Member of Parliament, Lok Sabha
- In office 16 May 2009 – 16 May 2014
- Preceded by: Kinjarapu Yerran Naidu
- Succeeded by: Kinjarapu Ram Mohan Naidu
- Constituency: Srikakulam

Personal details
- Born: 19 November 1965 (age 60) Srikakulam, Andhra Pradesh
- Party: Indian National Congress (until 2019; since 2024)
- Other political affiliations: YSR Congress Party (2019–2024)
- Spouse: Rammohan Rao
- Children: 2
- Profession: Doctor, Politician

= Killi Krupa Rani =

Indian politician

Killi Krupa Rani (born 19 November 1965) is an Indian politician from Andhra Pradesh. She is a former member of the Indian Parliament and previously represented Srikakulam from 2009 to 2014. She belongs to Kalinga caste. In April 2024, she resigned from YSRCP and joined the Indian National Congress.

== Personal life ==
She hails from Tekkali, Srikakulam district in Andhra Pradesh. Her parents are Kamayya and Kouosalya. She married Rammohan Rao in 1985 and has two children. She did her MBBS from Andhra Medical College, Visakhapatnam. She is the convenor of Rammohan Rao Charitable Trust, which works towards providing free drinking water in rural areas, free medical camps, free deliveries and free cataract operations to the blind. Her hobbies include shooting sports and squash.

==Career==
She entered politics and joined the Indian National Congress party, on the eve of completion of Y. S. Rajashekar Reddy's padhayatra. She lost the 2004 general election but won in 2009 defeating four-time MP, Yerran Naidu. In October 2012, she was inducted into the 15th Lok Sabha and Manmohan Singh's cabinet as Minister of State, Communications and Information Technology. She was a Member, Committee on Health and Family Welfare; Member, Consultative Committee, Ministry of External Affairs and Member, Central Social Welfare Board.
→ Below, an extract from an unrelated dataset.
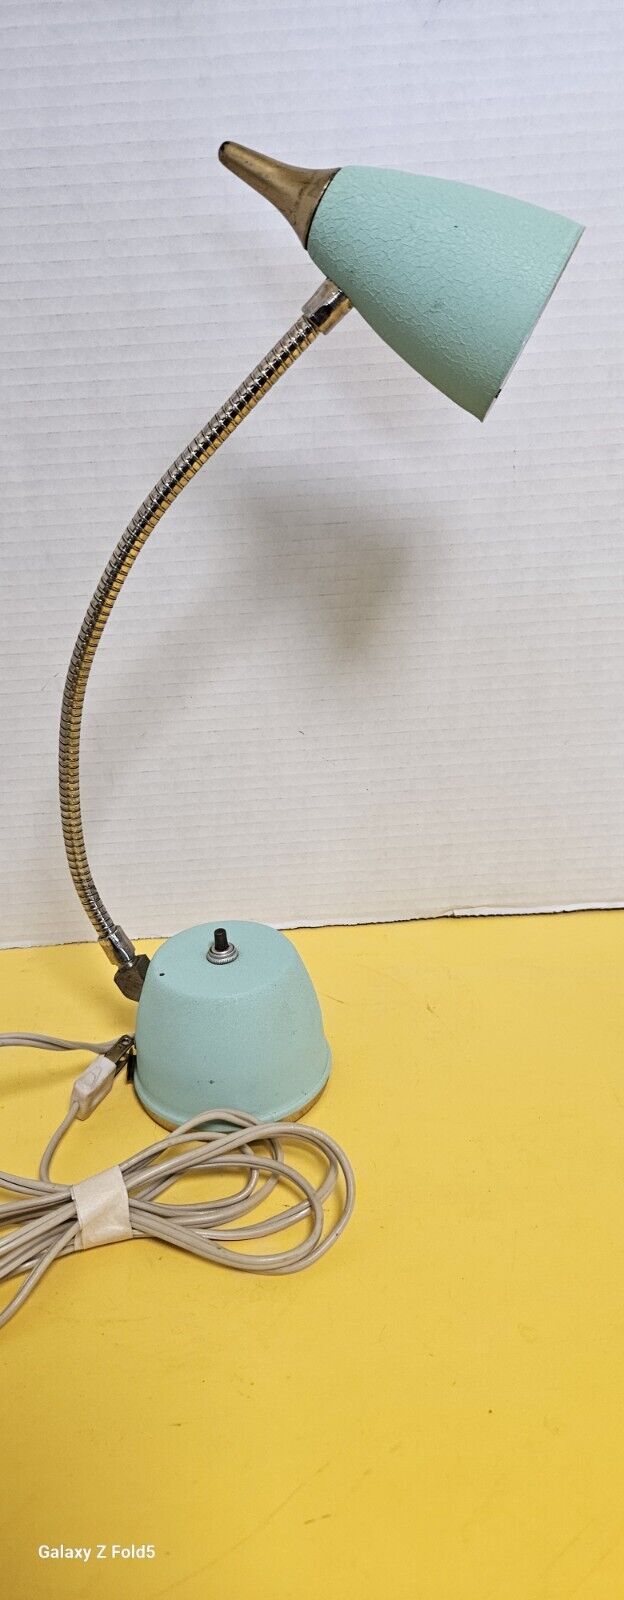 Vintage 1950s-60s Beautiful Turquoise Portable Desktop Gooseneck Lamp. Great...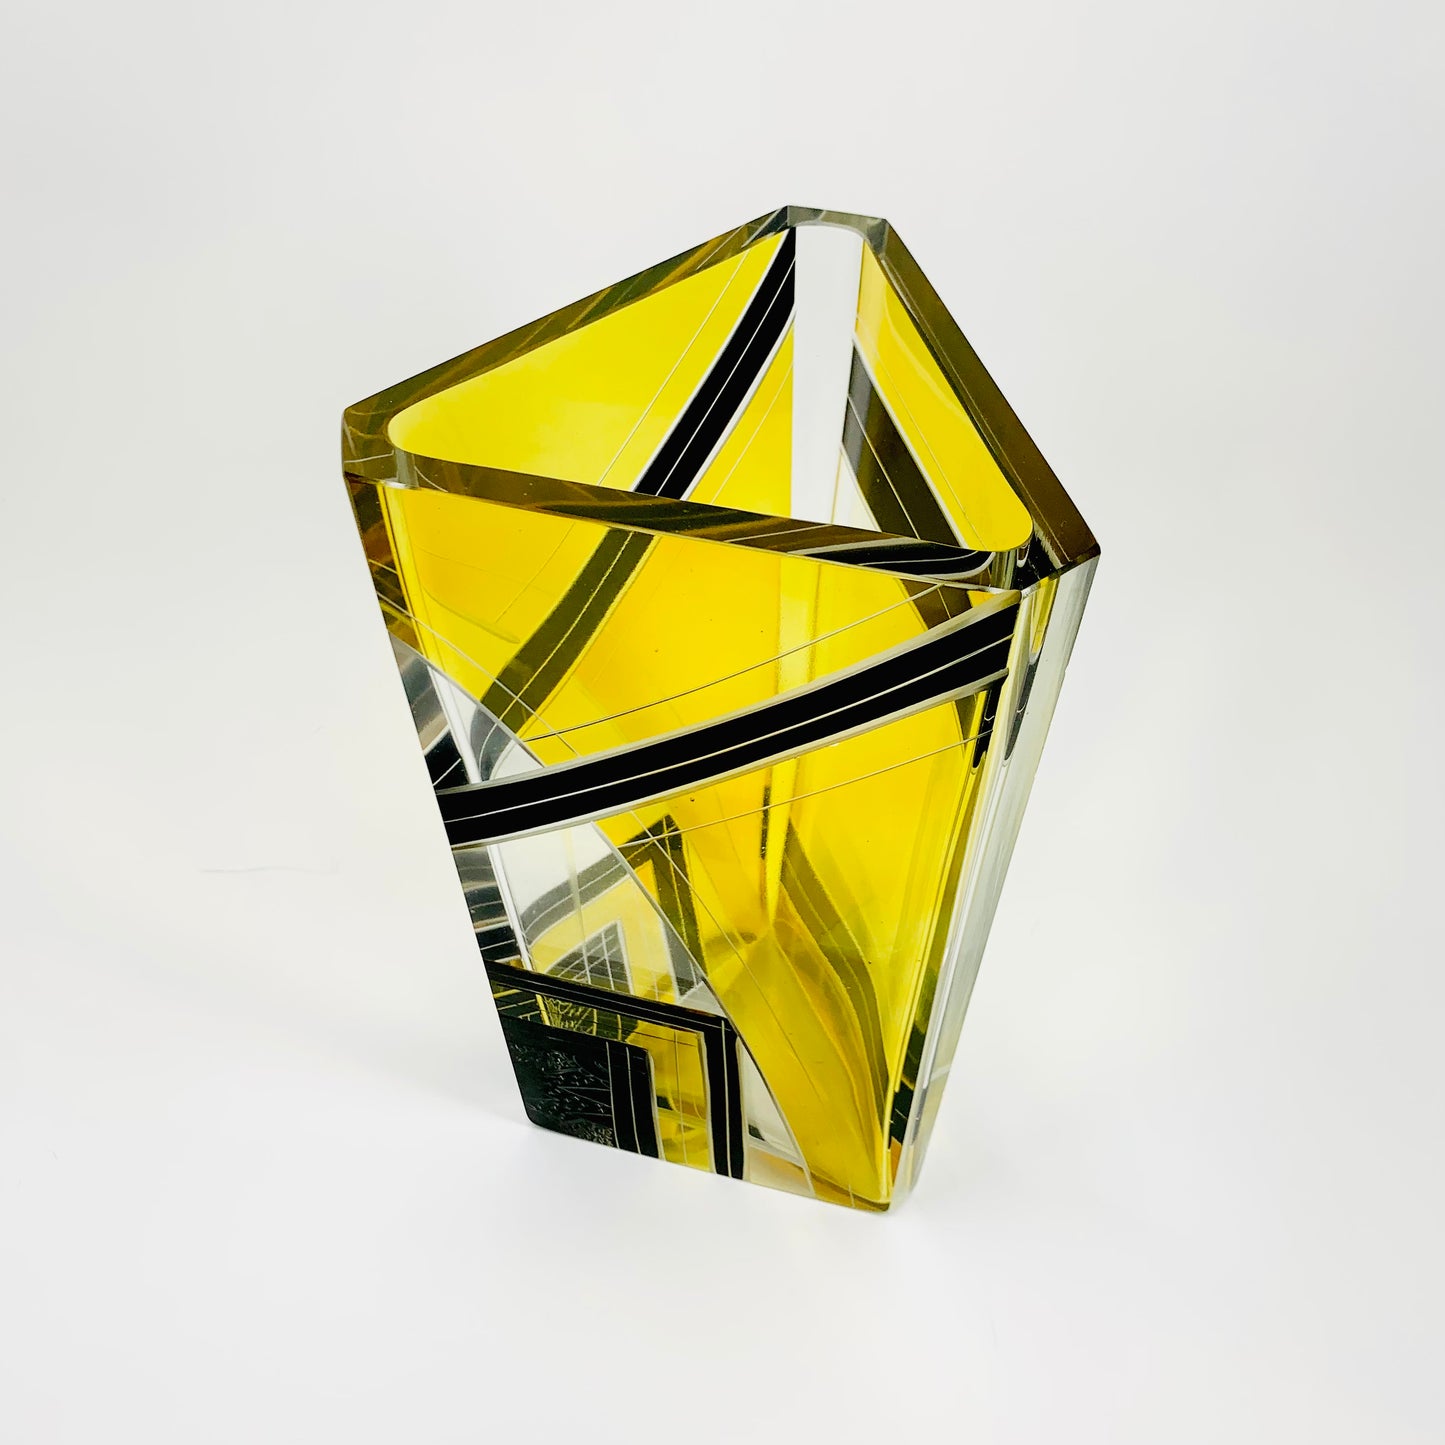 Antique Art Deco gold and black enamel triangular glass vase by Karl Palda

In 2014, she lost to Ram Mohan Naidu Kinjarapu. She quit Indian National Congress and later joined YSRCP on 28 February 2019. In 2024, she quit the YSRCP citing her dissatisfaction with the leadership and rejoined the INC in the presence of the state unit president Y. S. Sharmila.
==Electoral History==
===Lok Sabha===

| Year | Constituency | Party |  | Votes | % | Opponent | Party |  | Votes | % | Result | Margin | % |
|---|---|---|---|---|---|---|---|---|---|---|---|---|---|
| 2004 | Srikakulam |  | INC | 3,30,027 | 45.60 | Kinjarapu Yerran Naidu |  | TDP | 3,61,906 | 50.00 | Lost | -31,879 | -4.40 |
| 2009 | Srikakulam |  | INC | 3,87,694 | 42.20 | Kinjarapu Yerran Naidu |  | TDP | 3,04,707 | 33.16 | Won | +82,987 | +9.04 |
| 2014 | Srikakulam |  | INC | 24,171 | 2.29 | Kinjarapu Rammohan Naidu |  | TDP | 5,56,545 | 52.77 | Lost | -5,32,374 | -50.48 |

==Interests==
She is an avid reader and takes an interest in music, history, literature and travelling. She also published a book entitled The 100 years saga of Nehru's family.